EXTRACTED RECORDS:
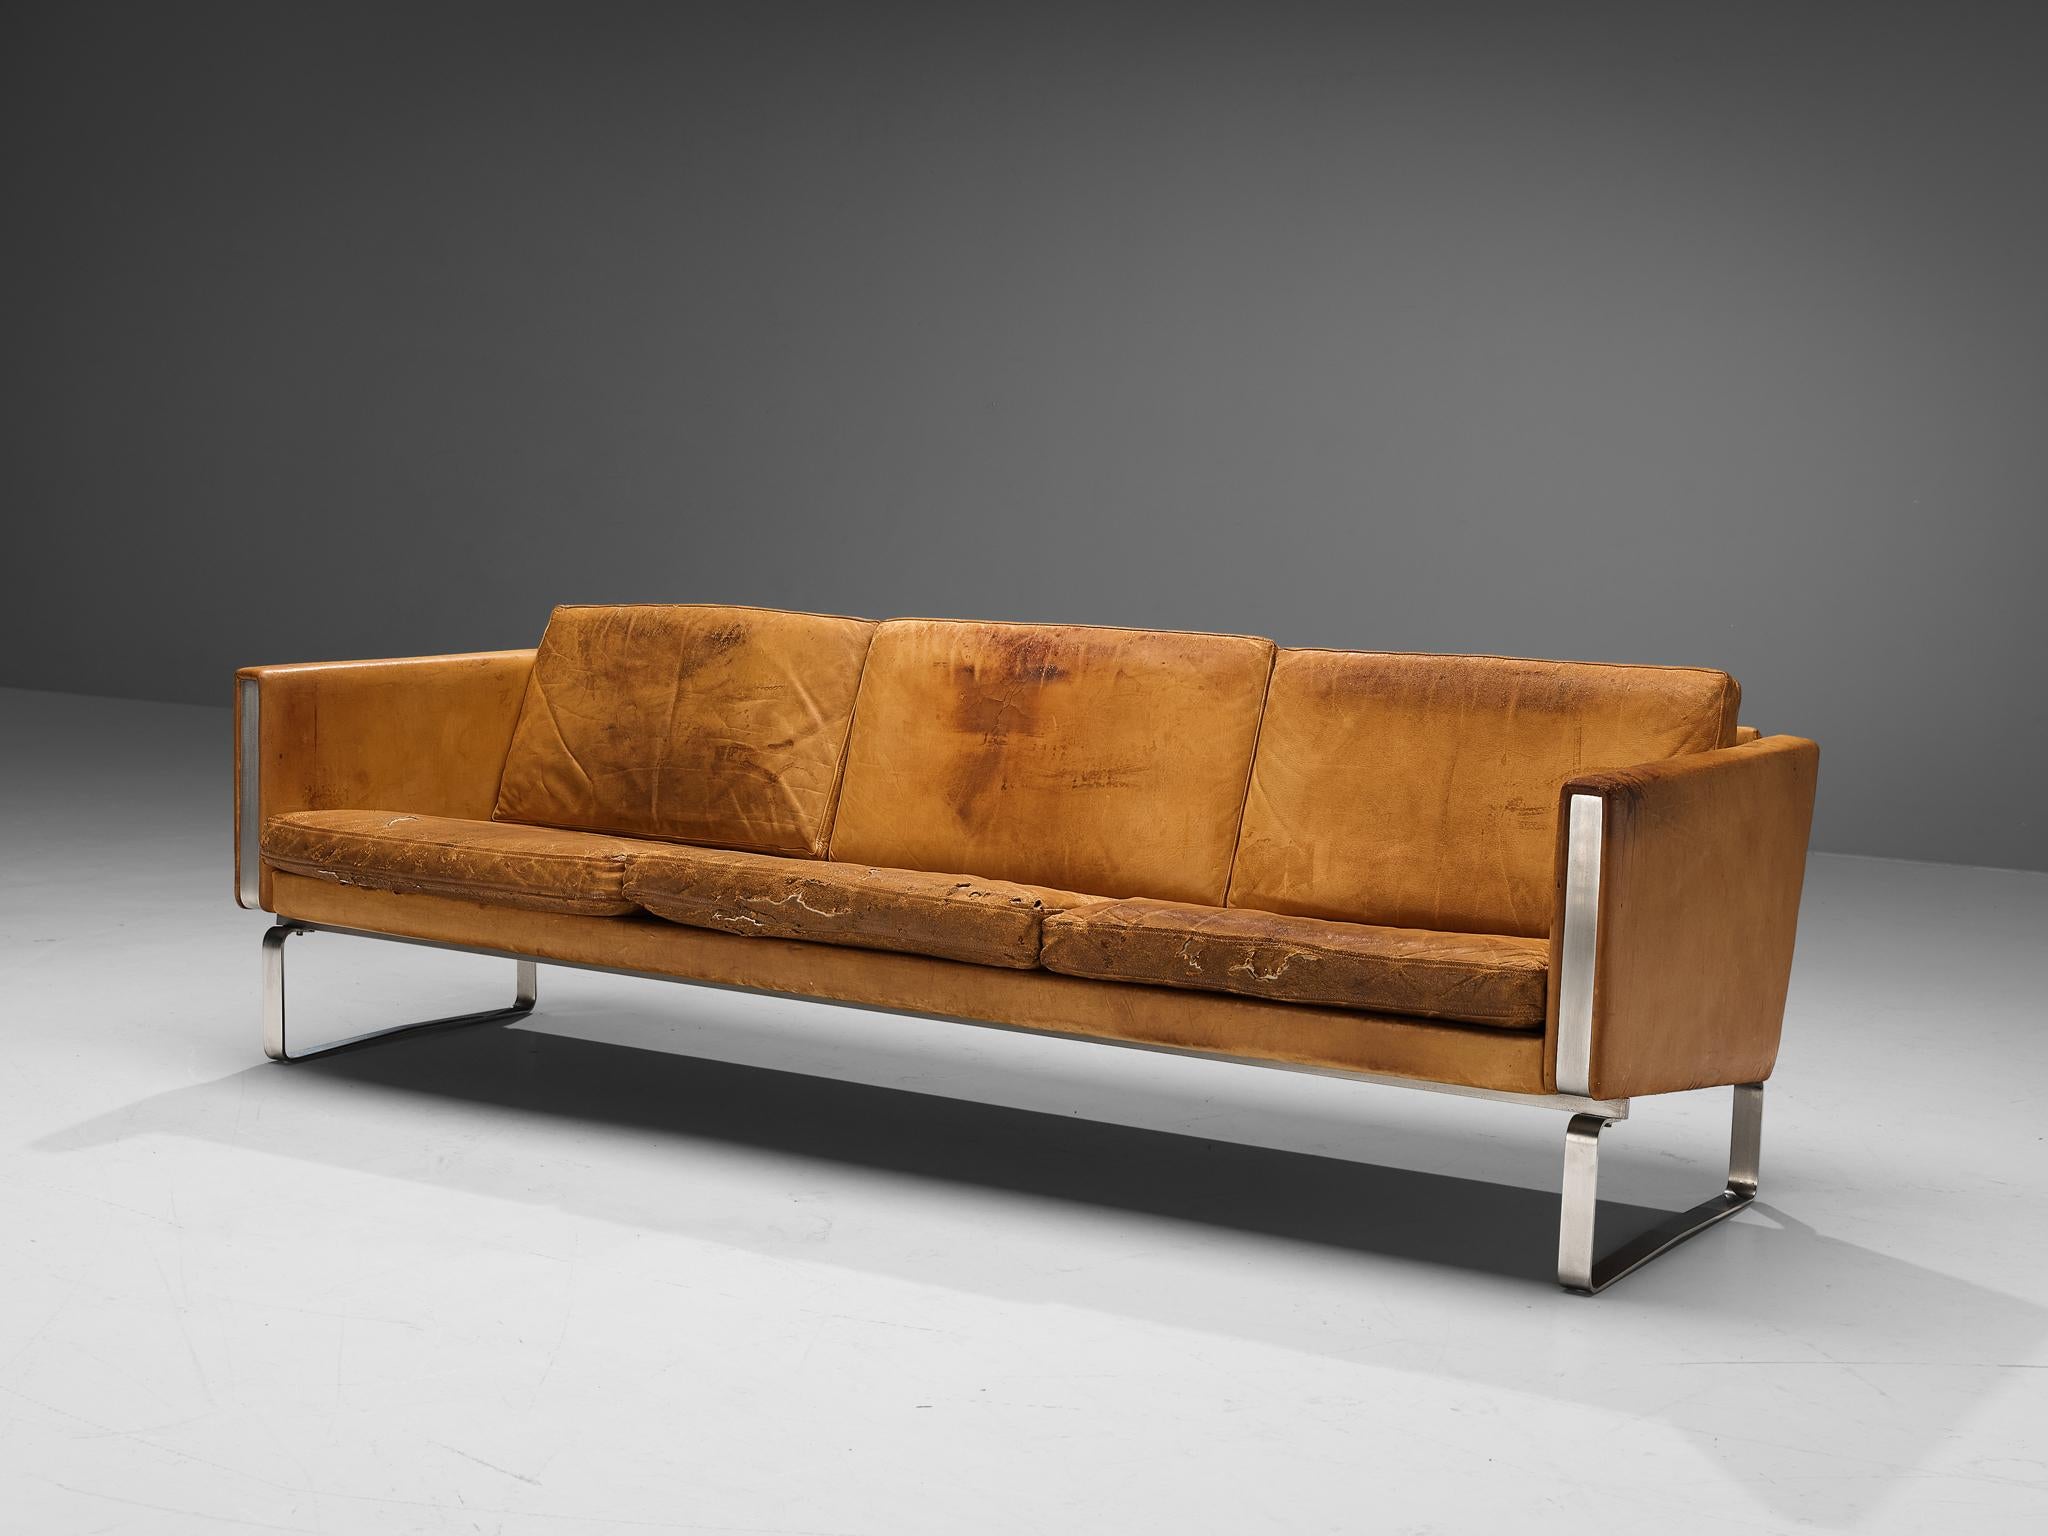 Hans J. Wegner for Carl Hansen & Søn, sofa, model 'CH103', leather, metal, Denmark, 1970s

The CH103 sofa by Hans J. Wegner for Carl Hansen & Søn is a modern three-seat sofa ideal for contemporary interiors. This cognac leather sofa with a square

==

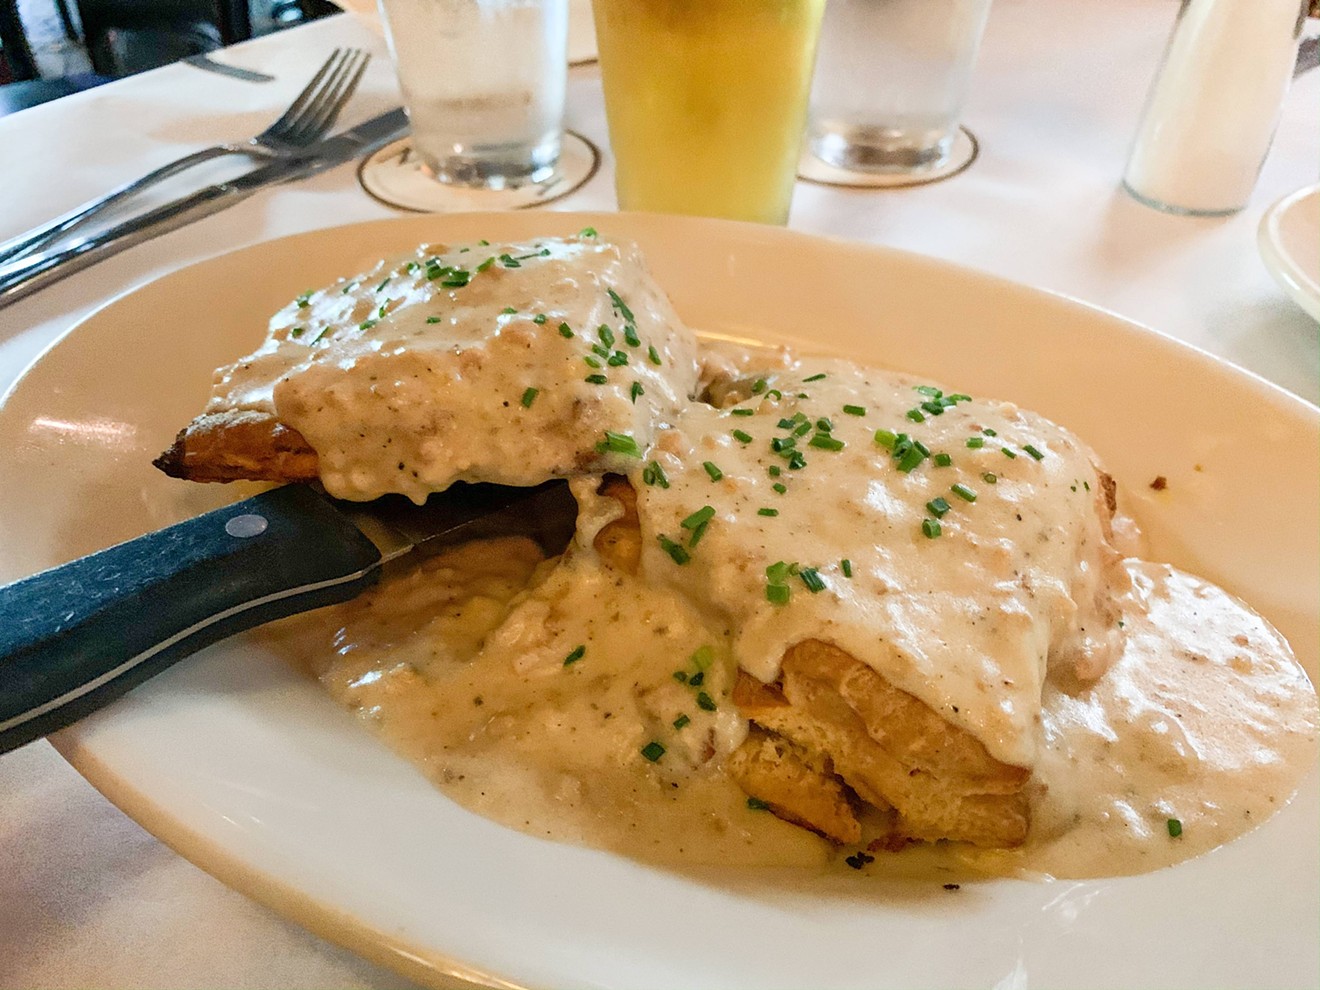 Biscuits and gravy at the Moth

TASK BRIEF:
Given the records above, return the lines starting at the one that holds "Hans J. Wegner for Carl Hansen & Søn, sofa, model" and ending at the one that holds "The CH103 sofa", exactly, and nothing besides; leave every picture out.

EXERCISE RESPONSE:
 Hans J. Wegner for Carl Hansen & Søn, sofa, model 'CH103', leather, metal, Denmark, 1970s

The CH103 sofa by Hans J. Wegner for Carl Hansen & Søn is a modern three-seat sofa ideal for contemporary interiors. This cognac leather sofa with a square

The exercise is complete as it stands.